RECORDED INFORMATION>
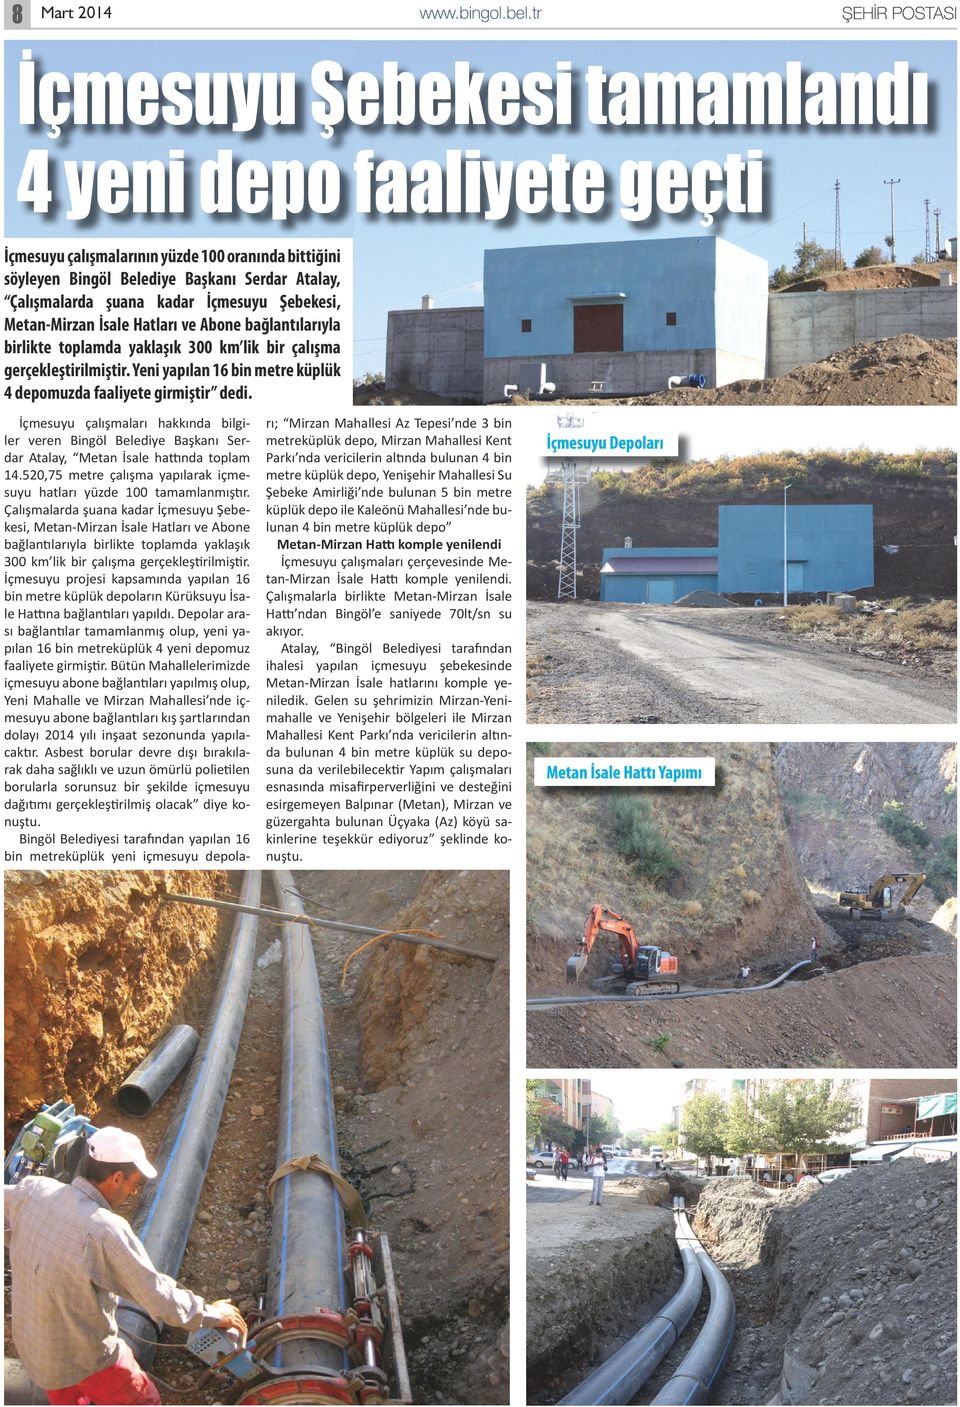 Yeni yapılan 16 bin metre küplük 4 depomuzda faaliyete girmiştir dedi. İçmesuyu çalışmaları hakkında bilgiler veren Bingöl Belediye Başkanı Serdar Atalay, Metan İsale hattında toplam 14.
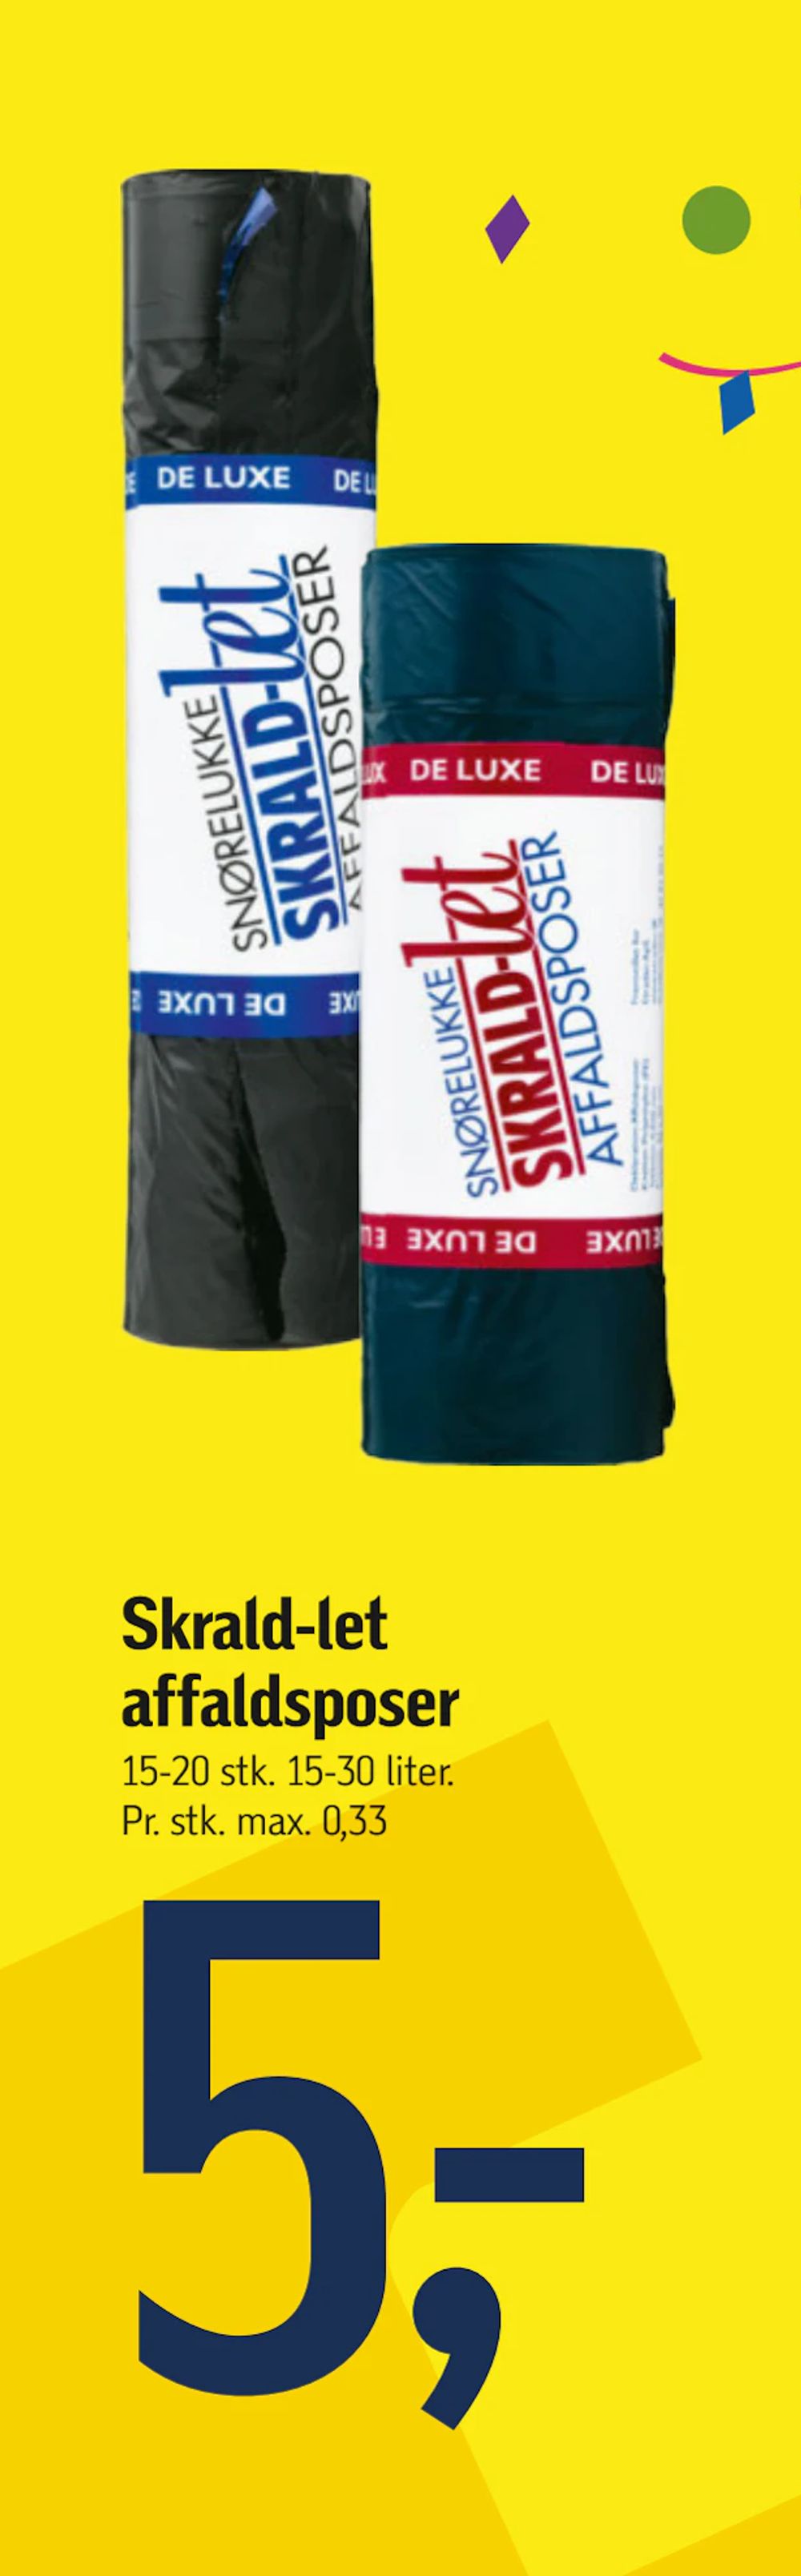 Tilbud på Skrald-let affaldsposer fra føtex til 5 kr.
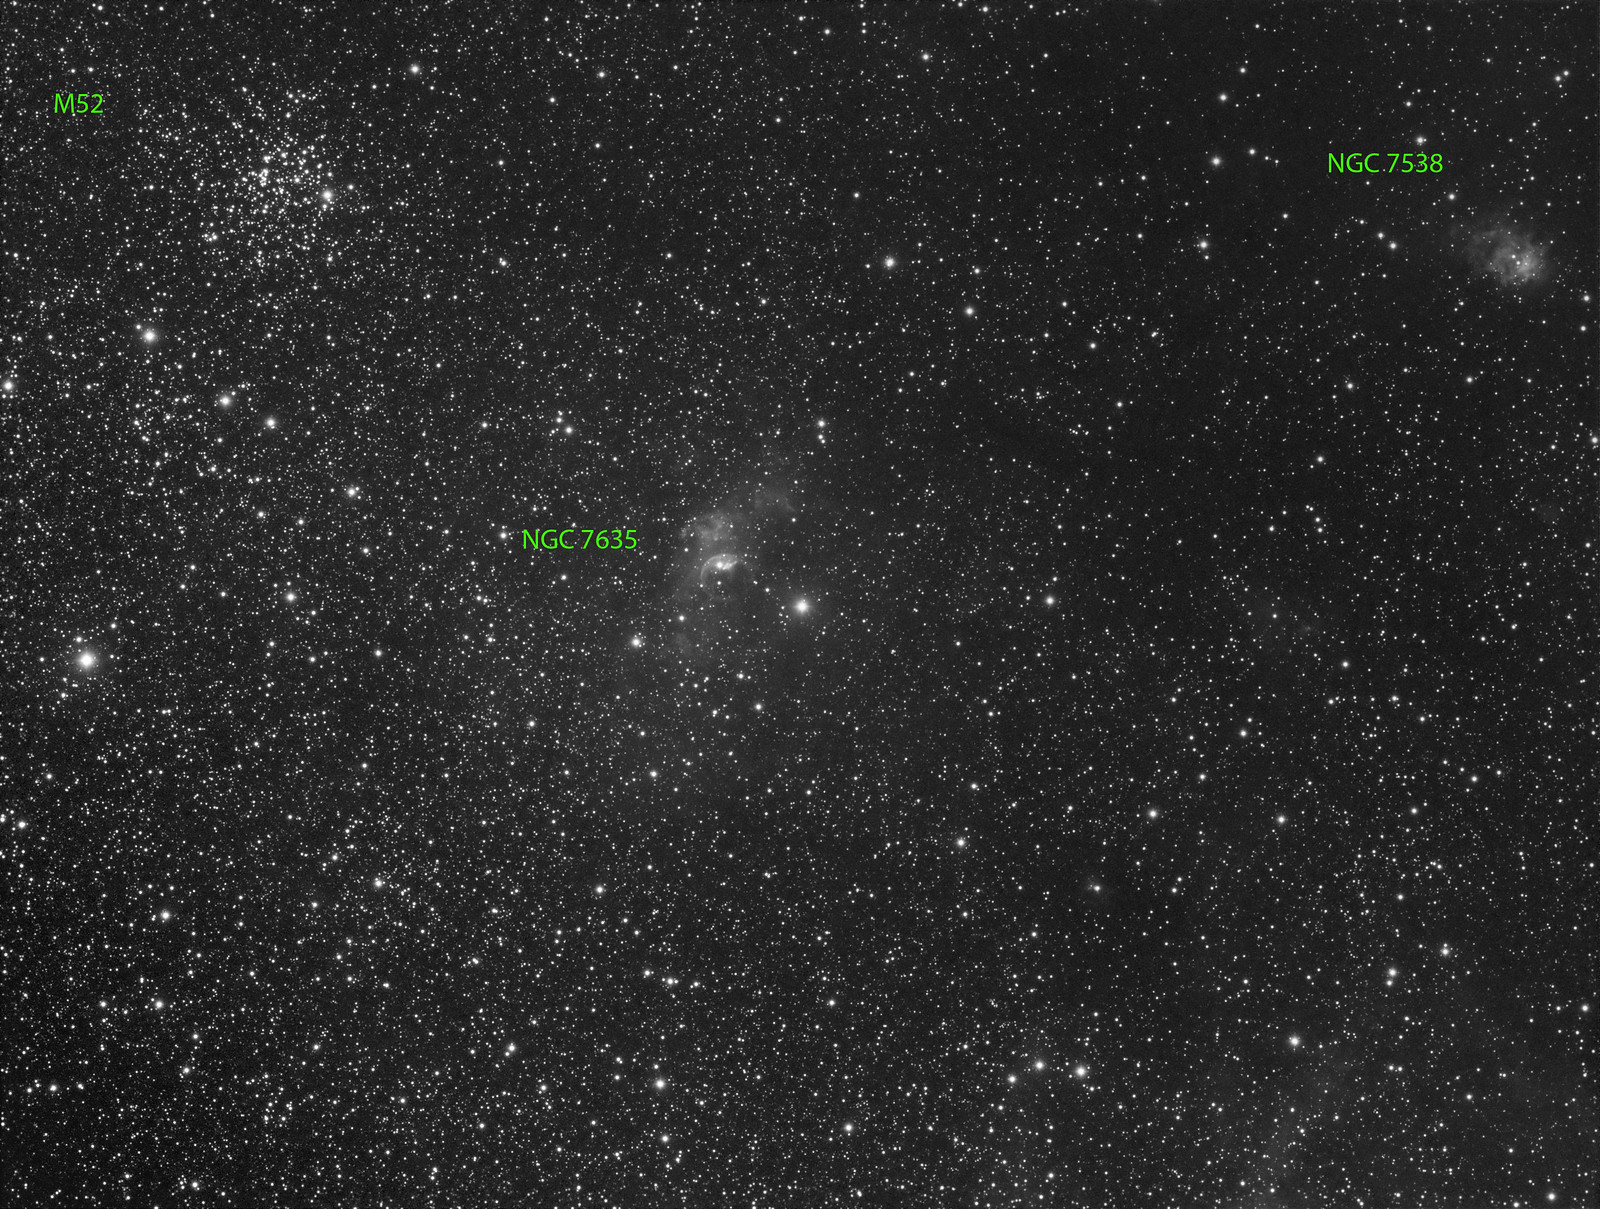 011 - NGC 7635 - Luminance

TASK GOAL> Give back the data exactly. Pictures stay out.

RESULT OF THIS TASK>
 Yeni yapılan 16 bin metre küplük 4 depomuzda faaliyete girmiştir dedi. İçmesuyu çalışmaları hakkında bilgiler veren Bingöl Belediye Başkanı Serdar Atalay, Metan İsale hattında toplam 14.
 Tilbud på Skrald-let affaldsposer fra føtex til 5 kr.
 011 - NGC 7635 - Luminance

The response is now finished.